Date Thesis Awarded


Access Type

Honors Thesis -- Open Access

Degree Name

Bachelors of Science (BS)




John C. Poutsma

Committee Members

Jennifer Butler

Lisa Landino


Proteomics studies allow us to answer questions about differential protein expression across different systems. Mass spectrometry is a powerful tool in these studies due to the distinct masses of the amino acids that compose proteins. In our experiment, we used a bottom-up approach and focused on two bacteriophages found on the William & Mary campus, CrimD and Larva. The infection of Mycobacterium smegmatis, a nonpathogenic model for tuberculosis, by these two bacteriophages was frozen at five different timepoints, and our goal was to compare the differential protein expression across the samples in order to gain a greater understanding of the proteins of unknown function expressed by the phages.

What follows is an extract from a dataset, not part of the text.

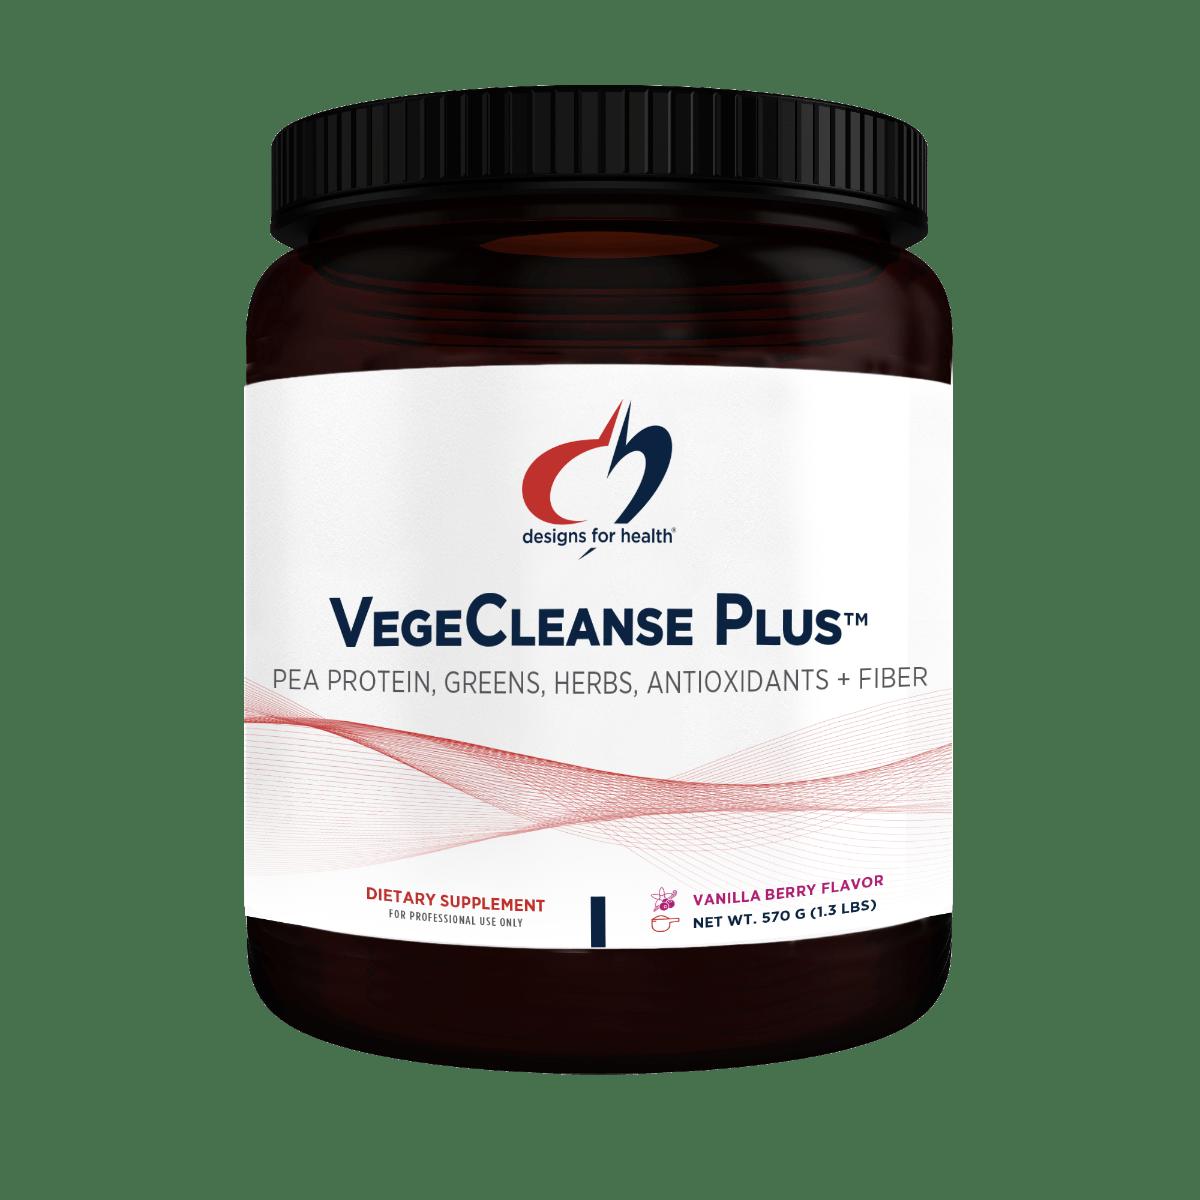 VegeCleanse Plus Powder 570 g (1.3 lbs) Designs for Health

In our analysis, we used reverse phase liquid chromatography coupled with 2D and 3D ion trap mass spectrometers fitted with a nanospray ionization source and an electrospray ionization source respectively. Protein expression was determined using the Proteome Discoverer software. These techniques had been previously used in our lab with a focus on phage T7 and CrimD, and reproducibility of data became a priority. Specifically, the pulling and packing procedure for the chromatography columns as well as the instrument methods governing each sample run required significant optimization, especially after a mid-year switch in instrumentation.